WHEN Do I Need Physical Activity?
When do I need physical activity?
The exact amount depends on your age and health status but you should try to be active every day for at least ten minutes at a time.
Children (ages 6-17)
Aerobic activity should make up most of the 60 minutes. This means activities like walking to school, riding a bike or rollerblading. At least three days each week, children should be doing vigorous-intensity aerobic activity (running, playing sports), muscle-strengthening activity (tree climbing, sit-ups, gymnastics) and bone-strengthening activity (jumping rope, skipping).

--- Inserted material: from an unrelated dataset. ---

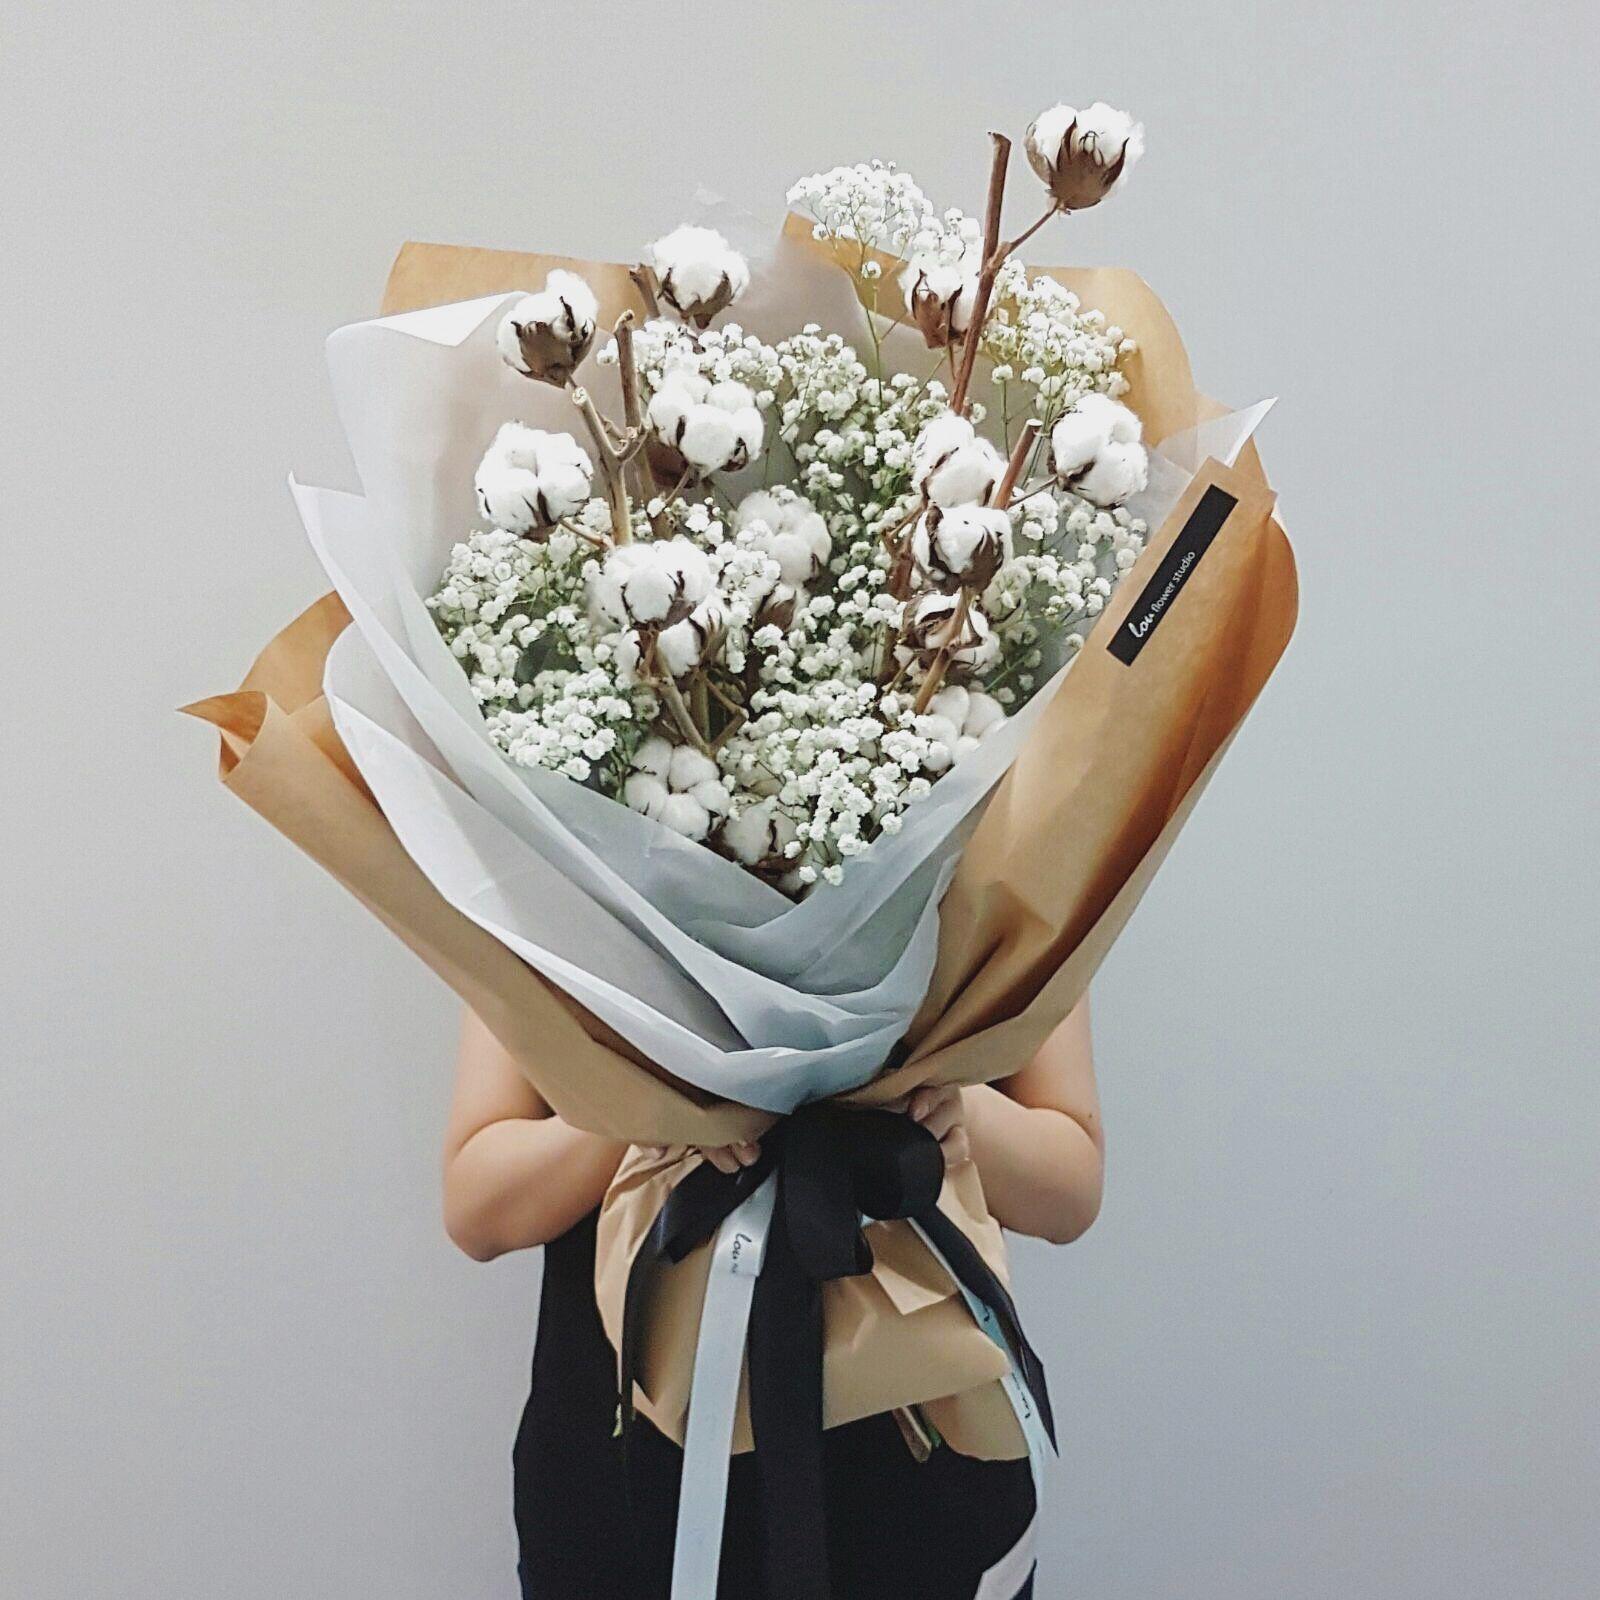 Giant Fluffy Bouquet Of Cotton And Baby S Breath Cottonbouquet Flowers Bouquet Gift Dried Flower Bouquet Cotton Bouquet

For more information on the difference between aerobic, muscle-, and bone-strengthening activity, visit https://www.cdc.gov/physicalactivity/basics/children/what_counts.htm
If you're worried about how much activity your child is getting, find out how easy it is to get 60 minutes at https://www.cdc.gov/physicalactivity/basics/children/index.htm
According to current guidelines, adults should complete moderate-intensity activities at least 150 minutes a week (2 hours and 30 minutes) or vigorous-intensity activities for 75 minutes a week (1 hour and 15 minutes).
The good news is that you don't have to get all of the activity done at one time. You can do a mixture of moderate (brisk walking) and vigorous (running) intensity activity each week, as long as you're performing the aerobic activity at least 10 minutes at a time.
This means you don't have to be active for 60, or even for 30, minutes every day! You can spread the recommended activity time throughout the week and exercise when it is convenient for you.
You can find tips on how to spread out your activity, as well as how to get even greater health benefits, here: https://www.cdc.gov/physicalactivity/basics/adults/index.htm
Older Adults (65 and over)
If you're 65 years of age or older, are generally fit, and have no limiting health conditions, you should follow the physical activity guidelines below:
Older adults should engage in at least 150 minutes (2 hours and 30 minutes) of moderate-intensity or 75 minutes (1 hour and 15 minutes) of vigorous-intensity activity each week.
Regular physical activity can improve health and reduce your risk of developing (or worsening) a number of health problems. Increasing the intensity, frequency and/or duration of physical activity leads to greater health benefits and greater quality of life.
Visit https://www.cdc.gov/physicalactivity/basics/older_adults/index.htm for more information on how to meet the physical activity guidelines and for ideas on how to stay active.
Pregnant or Postpartum Women
The guidelines for healthy pregnant or postpartum women vary slightly from the recommendations for adults. Healthy pregnant or postpartum women should get at least 150 minutes (2 hours and 30 minutes) per week of moderate-intensity activity, such as brisk walking, during and after their pregnancy. It is recommended that women spread this activity throughout the week.
Healthy women who already do vigorous-intensity aerobic activity, such as running, can continue doing so during and after their pregnancy provided they stay healthy and discuss with their health care provider how and when activity should be adjusted over time.